Kuba Kapsa + Band CNQ (photos © Elfi Oberhuber)


Zweiter Teil des Gesprächs von ELFI OBERHUBER mit dem jungen polnischen Musiker KUBA KAPSA, Leader der Jazz-Rockband CONTEMPORARY NOISE QUINTET. Nachdem seit 22. Oktober 2007 fest steht, dass mit dem europafreundlichen Kandidaten der rechtsliberalen oppositionellen Bürgerplattform, Donald Tusk, ein neuer Premierminister regieren und der Bisherige, Jaroslaw Kaczynski, in die Opposition gehen wird, mag sich der weltweite Ruf des streitlustigen Polens verbessern. - Zu bisherigen Debatten scroll down! - Nichtsdestotrotz scheinen die Bedingungen des arbeitsamen und künstlerisch wagemutigen, polnischen Jungvolkes anregend zu sein. Schätzungsweise ist das aber auch so, weil diese Menschen noch fähig sind zu empfinden ...

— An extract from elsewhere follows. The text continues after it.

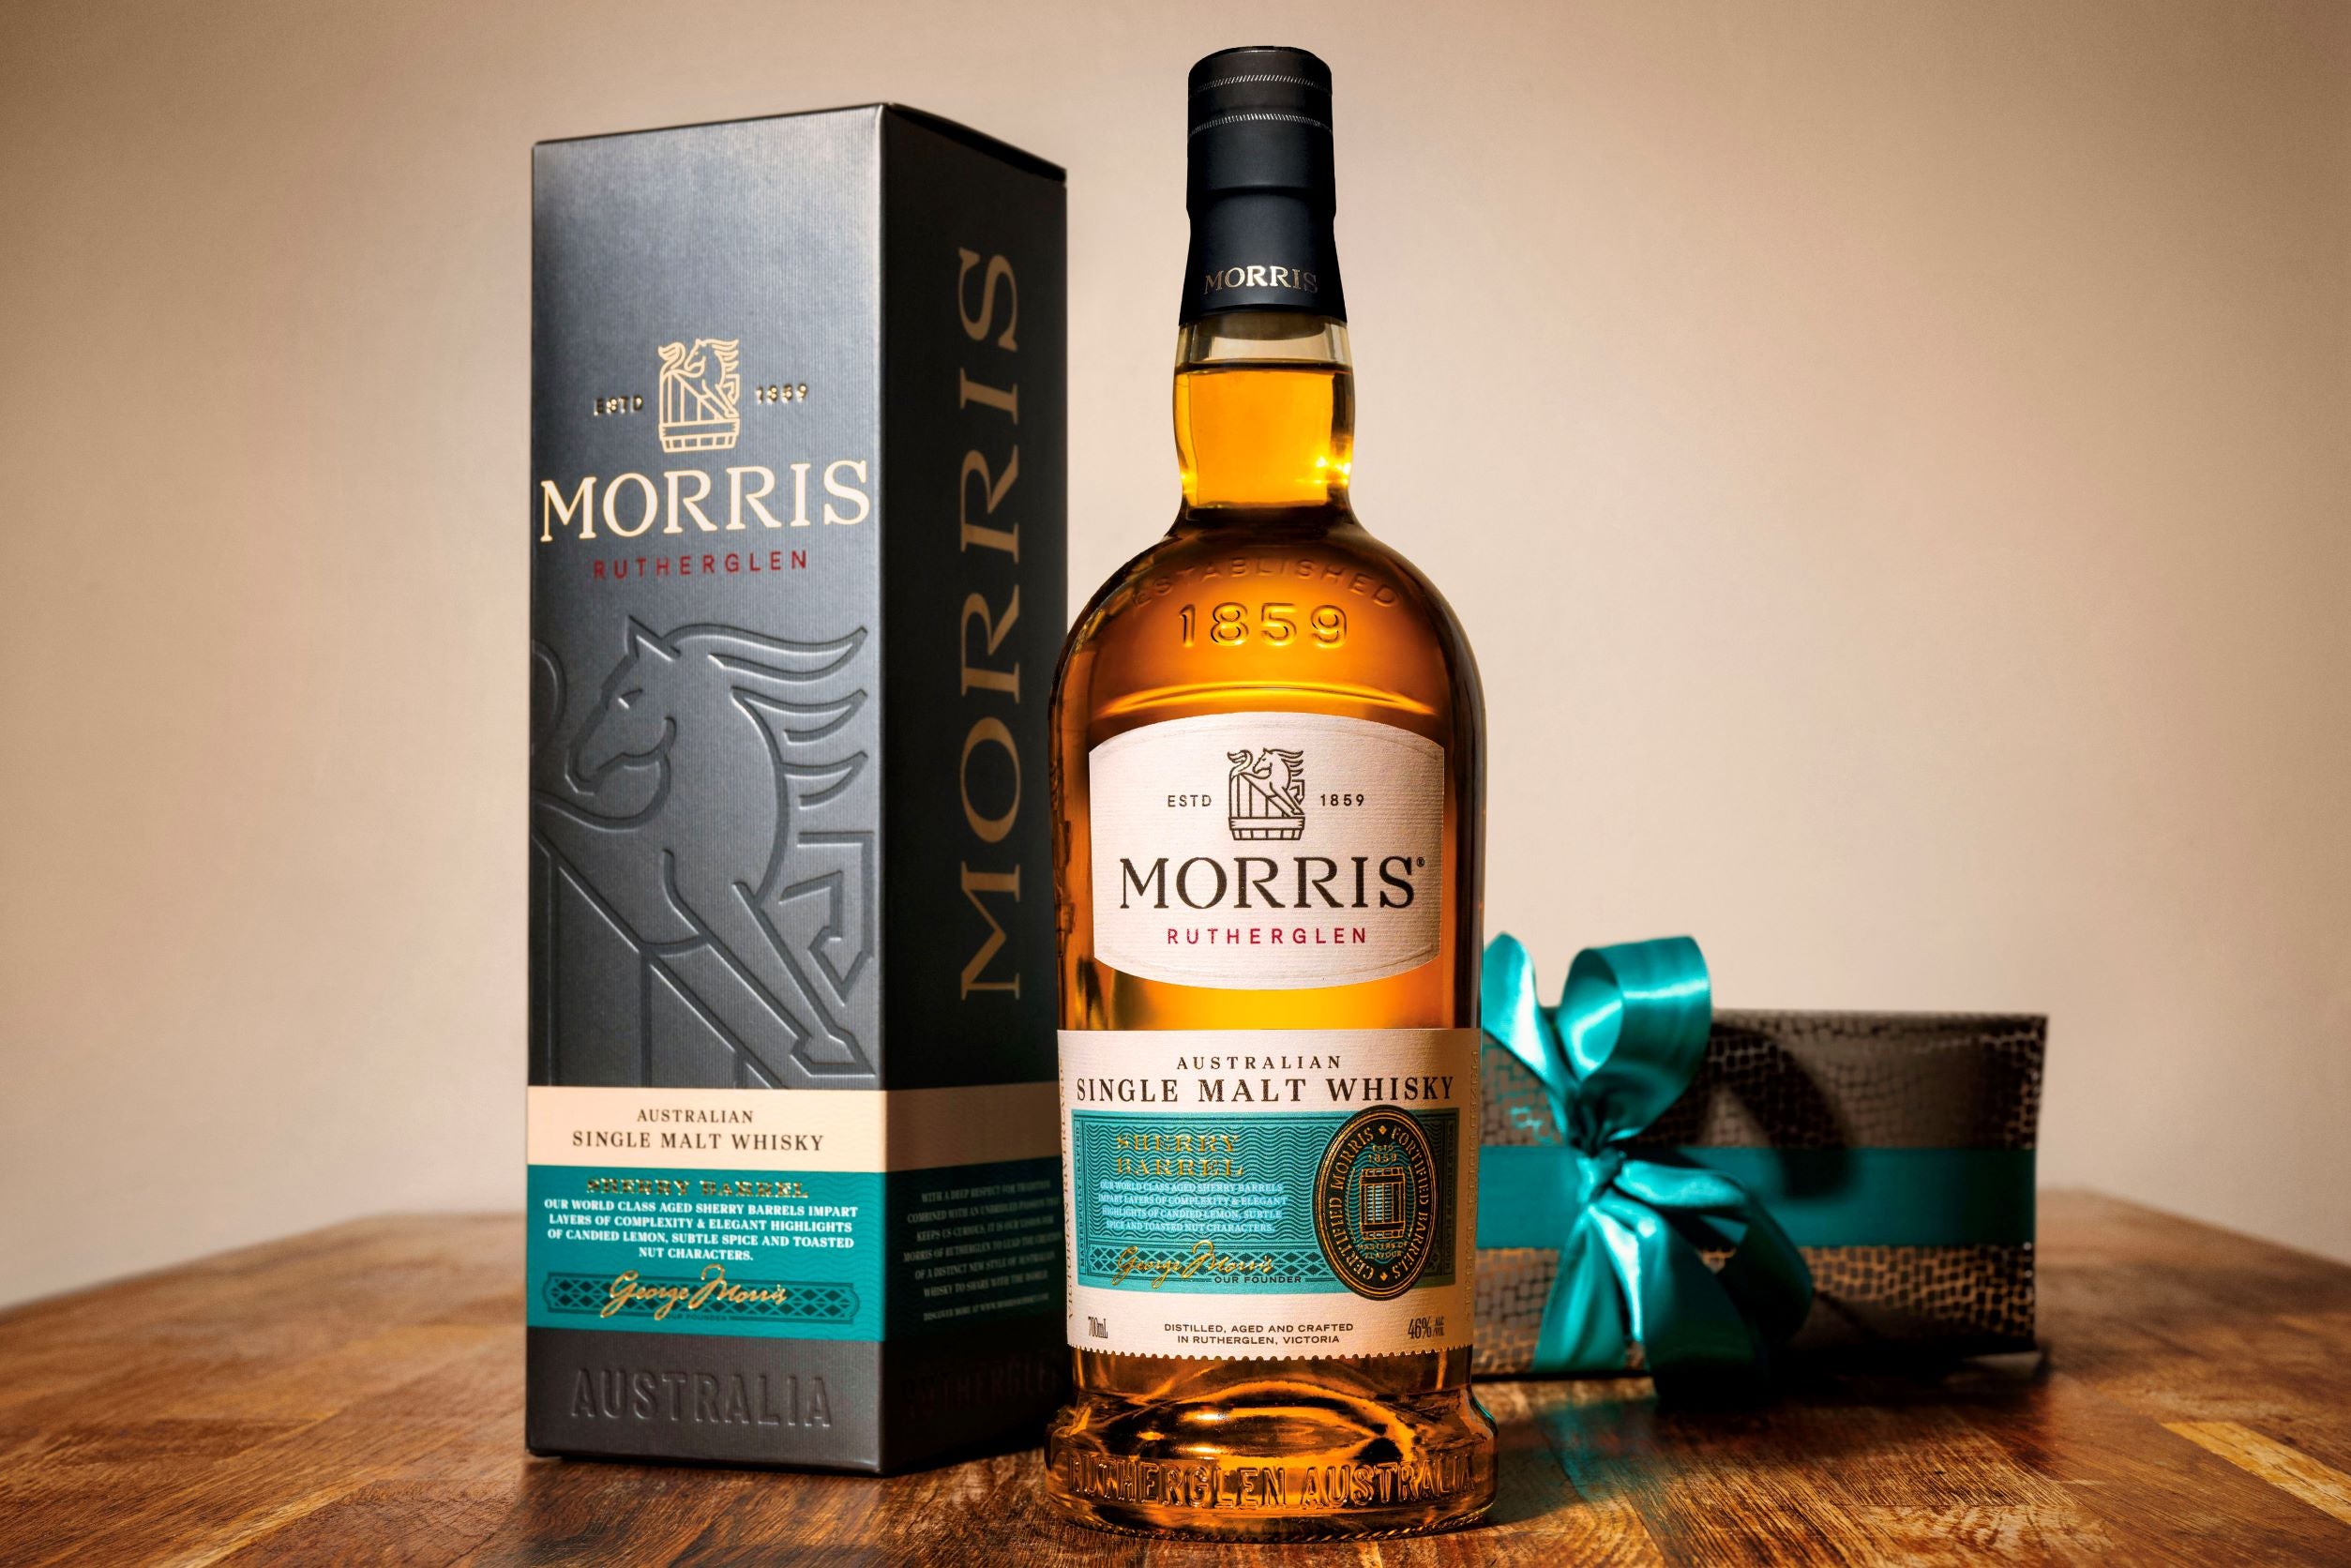 Sherried whisky joins Morris core range

Die Polen, die einfach nur gute Musik hören wollen

intimacy-art: Sie sind mit dem "Contemporary Noise Quintet" nach Ihrer Rock-Band "Something Like Elvis" viel Jazz-lastiger geworden. Wie kam das?
KAPSA: Das ist eine natürliche Entwicklung. Mit 17 lebst du den Punk-Rock, auch als Mensch, während du Jazz noch nicht verstehen kannst. Jazz braucht Zeit, eine gewisse Reife.
intimacy-art: Viele Bands spielen aber ihr Leben lang Pop-Rock. So natürlich kann das also nicht sein.
KAPSA: Doch, diese sind nur unnatürlich stecken geblieben.
intimacy-art: Wobei die individuelle Jazzqualität bei CNQ aber noch immer der expressiv gespielte Punk-Faktor bringt.
KAPSA: Stimmt. Something Like Elvis war allerdings so sehr eine Punk-Band, wie CNQ jetzt eine Jazz-Band "ist". Punk und Jazz sind Richtungen, von denen man ausscheren kann. Eines ist aber sicher: Rock gibt mir nach wie vor das Gefühl, mich selbst auszudrücken. Unser Jazz-Rock ist außerdem viel komponierter als frei improvisierter Jazz. Und doch könnte er noch improvisierter werden.
intimacy-art: Steuern Sie Ihre Musik bewußt in die internationale Klangdimension, um die Welt zu erobern? Trotz Jazz, der tendenziell eine kleinere Zielgruppe erreicht?
KAPSA: Ach. In so strategischen Kategorien denke ich nicht. Ich mache keine Musik nach einem spezifischen Bandkonzept, sondern spiele einfach nur das, was mir wirklich gefällt.
intimacy-art: Aber vom Markt her...
KAPSA: Ja, der Markt...
intimacy-art: Jazz spricht doch ein ganz anderes Publikum an, als jenes, das Sie zuvor hatten. Sie müssen sich praktisch von Null ein Neues aufbauen.
KAPSA: Es ist nicht komplett anders. Und in Polen wollen die Leute einfach nur gute Musik hören. Egal, ob es nun Rock, Punk oder Jazz ist. Ist sie gut, kommt sie an.
intimacy-art: Wozu sicher auch Polens Jazz-Radio-Sender beiträgt, was ja eine Seltenheit ist.
KAPSA: Da waren wir 2006 mit Pig Inside The Gentleman auch die am häufigsten gespielte CD nach dem Tomasz Stanko Quartet. Ein sehr großer Erfolg für uns!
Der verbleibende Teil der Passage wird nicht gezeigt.